Business Basics: Retention SchedulesFebruary 19, 2019
Are you in the Driver’s Seat when it Comes to the Disposal of Both Electronic and Paper Records?
You’ve done everything right. You have a retention policy, or what we call a disposal schedule, in place. When both electronic and paper records are at the end of their life cycle, they’re either destroyed or deleted.
You can sit back and relax. Or can you? Sometimes your disposal schedule can actually be a hindrance. Before we look into the how and why of this, though, we want to explain why we recommend creating and implementing a disposal schedule over a retention policy.
At BiS, we’re in business to make sure that your electronic files, as well as paper records, are controlled by you from creation to destruction. Why do we use the term disposal schedule? Because not all records have to be kept forever. If you’re our customer, we want you to concentrate on when you’re going to dispose of records, instead of focusing on how long you’re going to retain them. But that’s the same thing, isn’t it? It’s a slight change in nomenclature, but if you switch disposal for retention in your process and policies, you’re more likely to be more diligent on making sure that the right records are destroyed or deleted at the right time.

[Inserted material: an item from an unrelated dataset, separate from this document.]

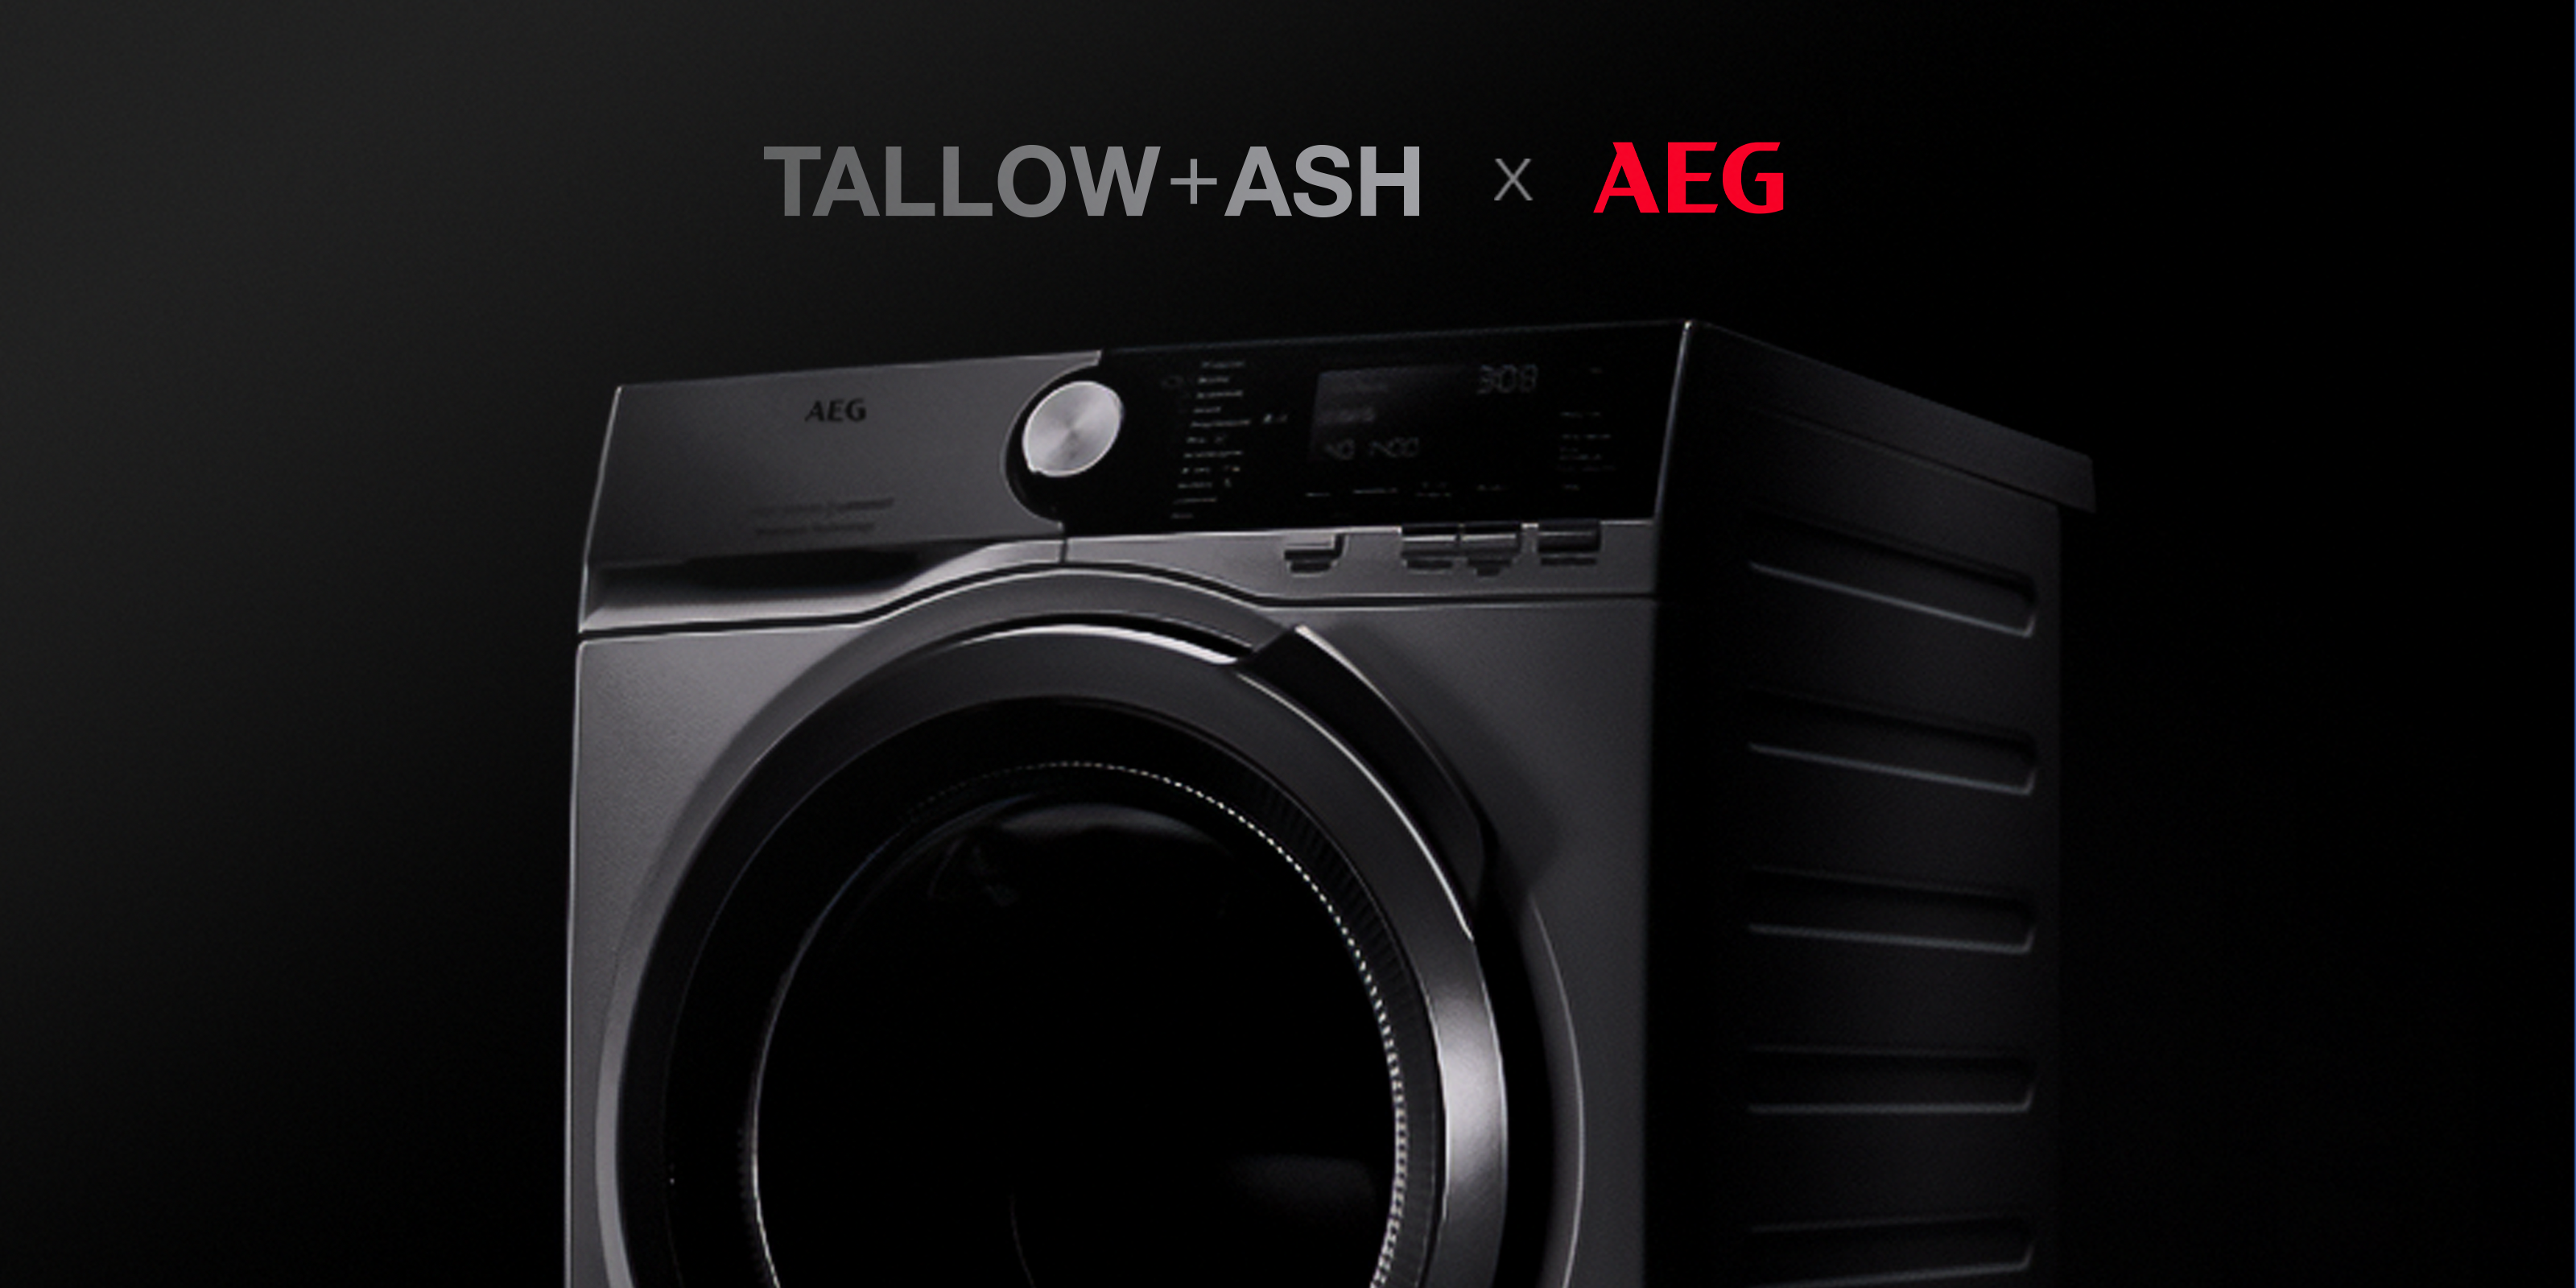 Tallow + Ash x AEG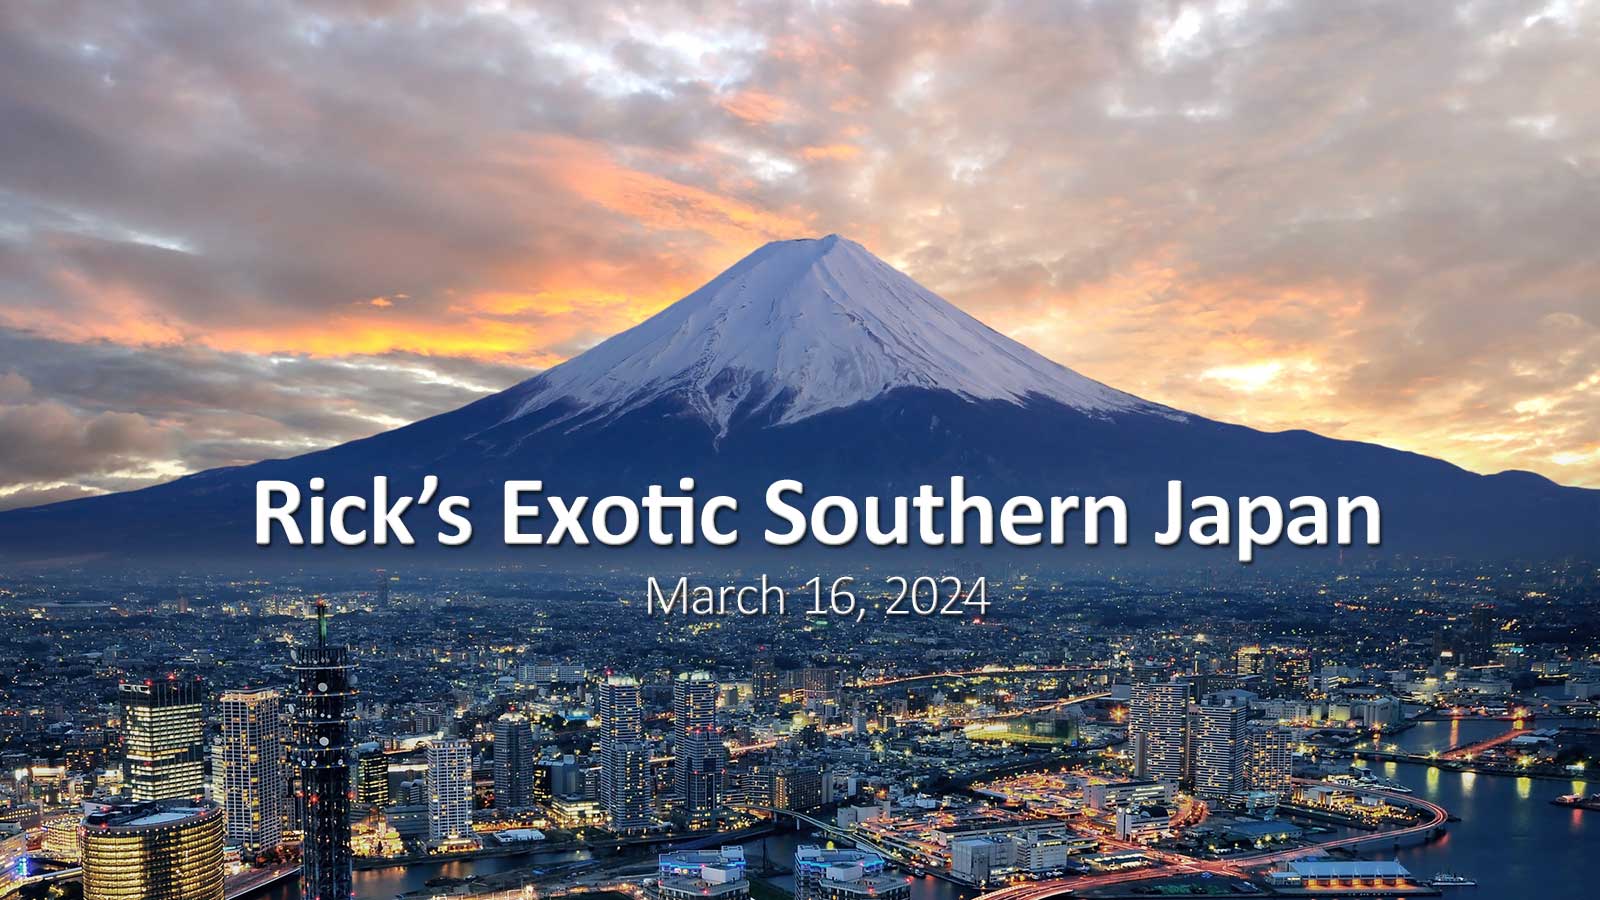 Rick's Exotic Southern Japan

Sometimes, though, it’s necessary to put your disposal schedule on hold. In fact, not putting it on hold, could leave your company vulnerable to losing a lawsuit or an audit. This exact thing happened to a company in northern Illinois. Two employees felt they were wrongly fired from their positions and filed a lawsuit. The ex-employees lawyers filed preservation notices with the Company specifically referring to documents which would be called as evidence. The company’s retention policy destroyed the documents at the end of one year, regardless of the fact that they were requested as evidence in a federal court of law. Even though the company had followed their documented retention policy, the court still found that the company acted in bad faith in failing to prevent the data from being overwritten in their system. The court granted the ex-employees request to permit the jury to make an adverse inference against the employer based on its destruction of information related to the case. (A. Samson Pillay v. Millard Refrigerated Services, Inc., No. 09C 5725 N.D. Ill. , 2013 WL221727 N.D. Ill. May 22, 2013.) This company learned a hard, and costly, lesson.
With BiS, we do make it possible for you to be able to sit back and relax because you know you have a team of experts working to make sure you have a solid disposal schedule in place. Having your disposal schedule automated is great, but an important part of overall policy must be the ability within your records management system to put the disposal schedule on hold for any item that requires more review, or that’s involved in a lawsuit or audit. At BiS, we can do just that — quickly and easily. We make sure you’re in control of your files and electronic records from creation to destruction.